Cracks in the chain: A technical analysis of real-life supply chain security incidents

As Industry 5.0 drives greater digitalization and interconnectivity, supply chains have become vital to global commerce, ensuring the seamless flow of goods, services, and data. However, this reliance has also swelled the attack surface, rendering supply chains a prime target for evildoers. Meanwhile, the inherent complexity of supply chain ecosystems prevents defenders from fully applying contemporary security controls promptly and effectively. Clearly, the combination of these hindering factors has led to some of the most severe cybersecurity incidents of the past years. This study is the first to our knowledge that undertakes a comprehensive technical analysis of reported supply chain security incidents. Our analysis is done both from offensive and defensive prisms, leveraging well-established cybersecurity frameworks and guidelines, namely, the ATT&CK MITRE knowledge base matrix and the NIST SP 800-161, respectively.
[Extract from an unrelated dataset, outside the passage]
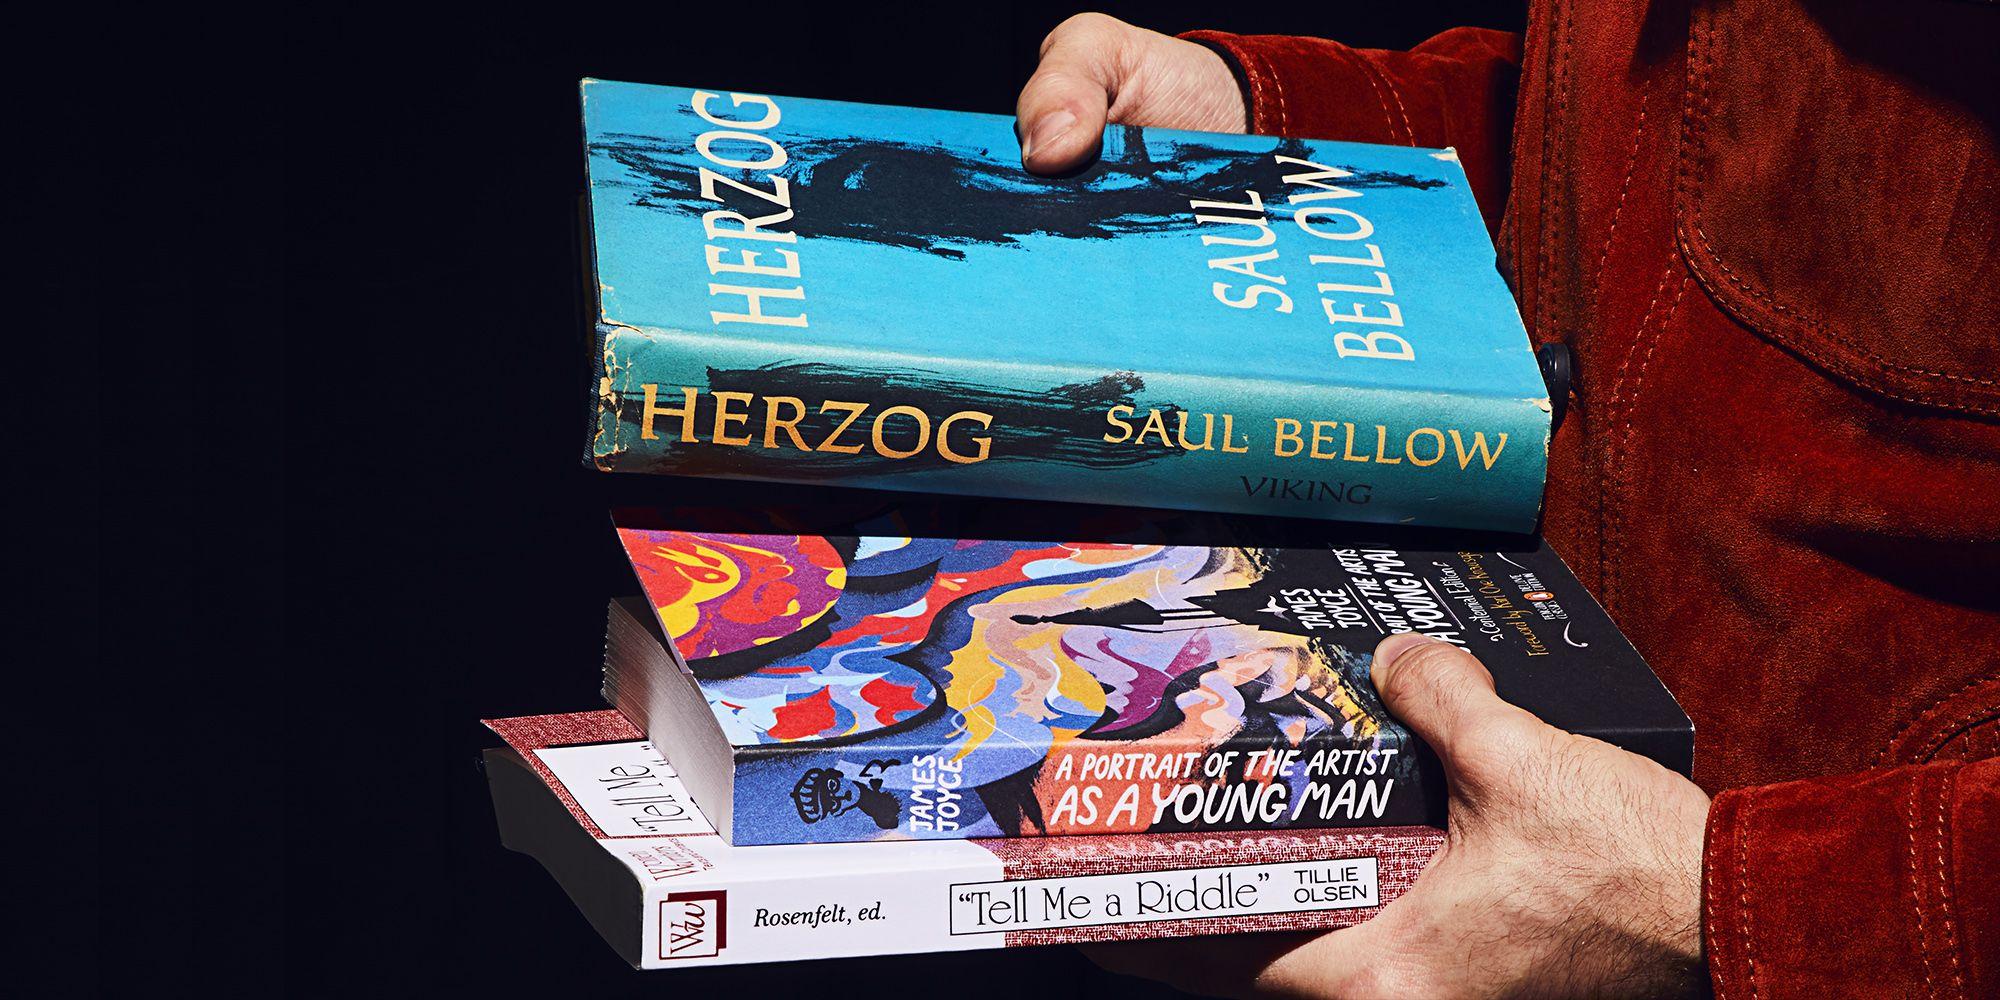 Scott Turow: 3 Books That Changed My Life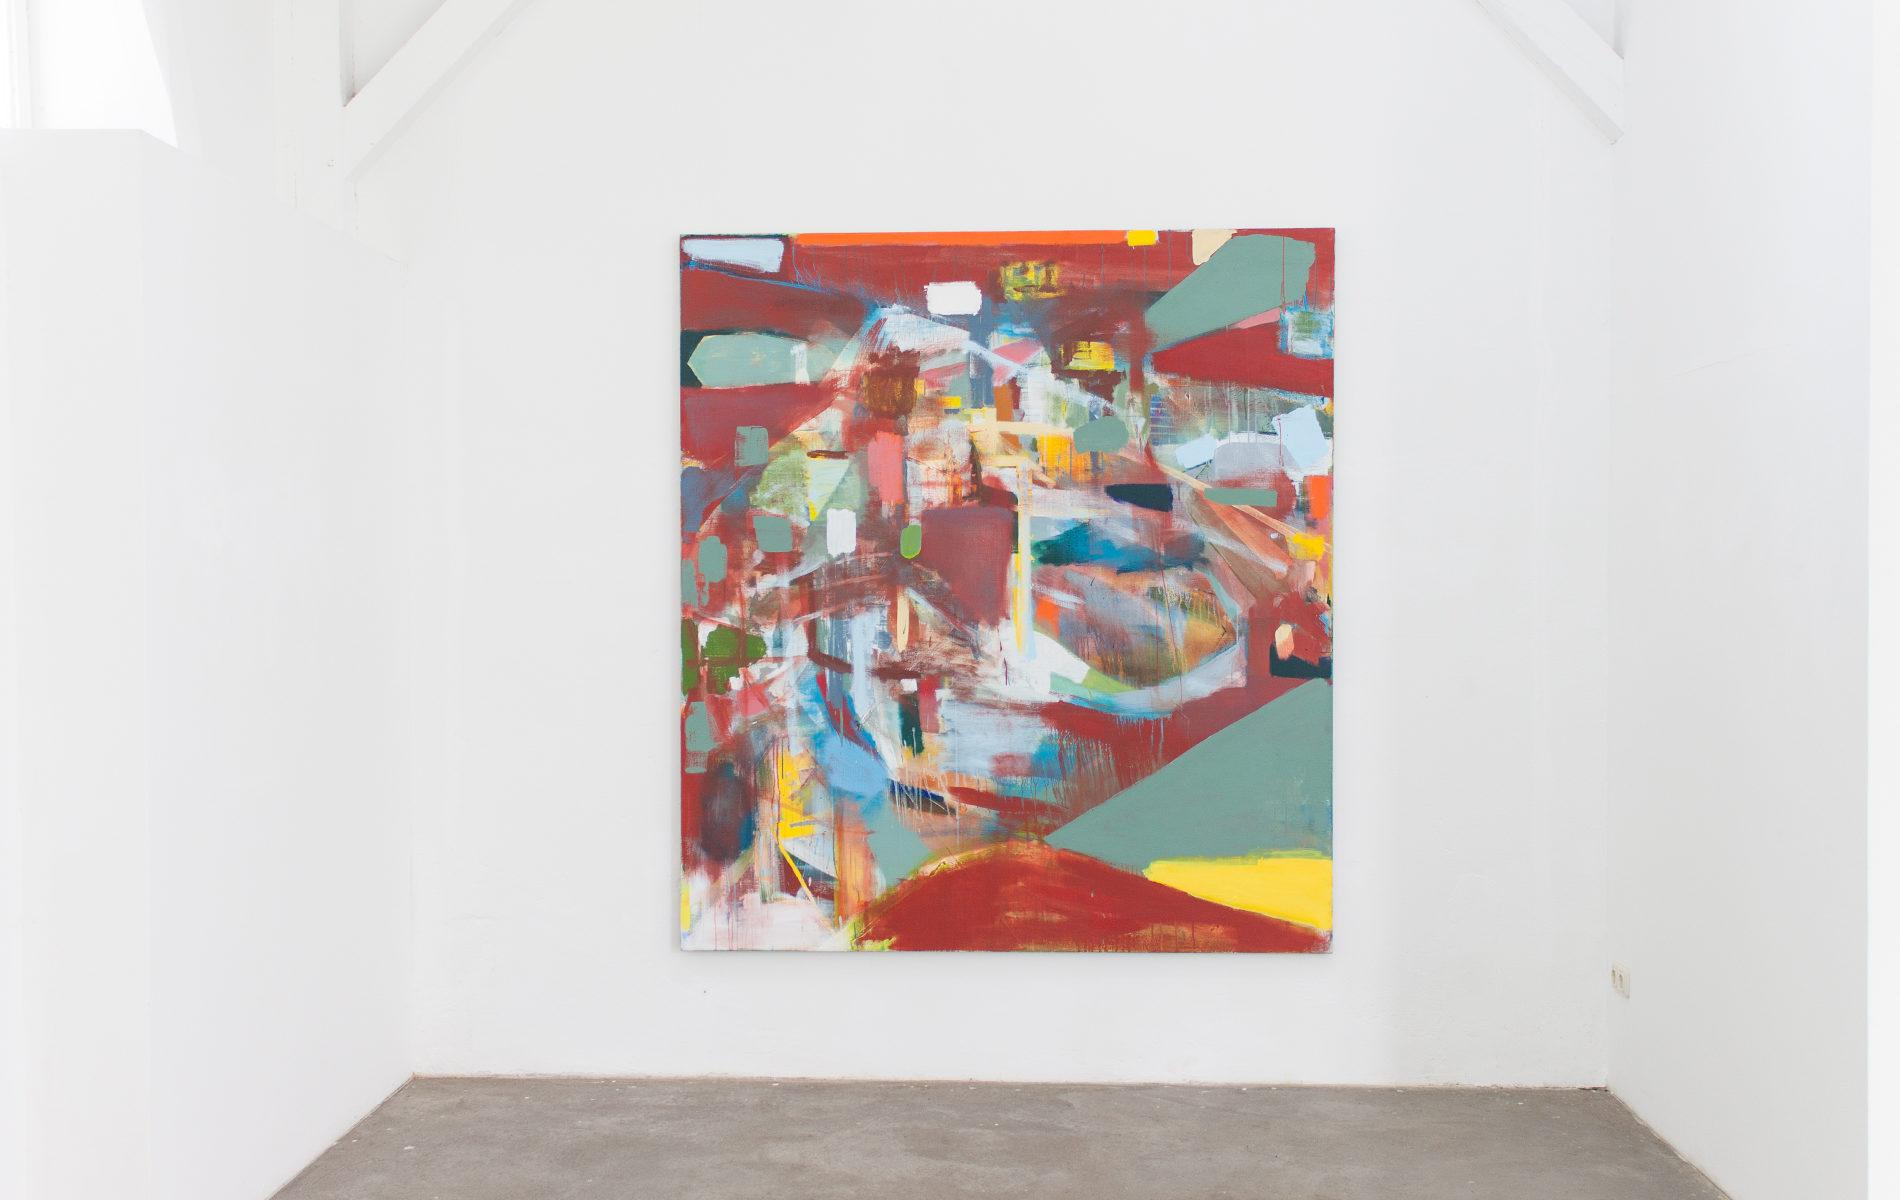 Galerie Born, Berlin. Michael Markwick; New Paintings 2017. Projektraum heiddorf

Furthermore, to consolidate our findings and facilitate future research initiatives, we compiled a fundamental dataset that can be used as the basis for automated analysis and potential integration with cybersecurity workflows. The key observations of a 33-incident analysis through the lens of an ATT&CK MITRE- and NIST SP 800-161-based taxonomies we propose can be wrapped up into two key points. First, the attack surface continues to expand, following an upward spiral due to the mushrooming of tactics and techniques that can facilitate the early or late stages of attacks, highlighting their complexity, sophistication, and widespread impact. Second, our findings underscore the necessity of a multifaceted approach to strengthening supply chain resilience. This includes implementing robust cybersecurity controls, comprehensive risk assessment methodologies, and transparent collaboration among suppliers, customers, and vendors to ensure adherence to state-of-the-art cybersecurity best practices.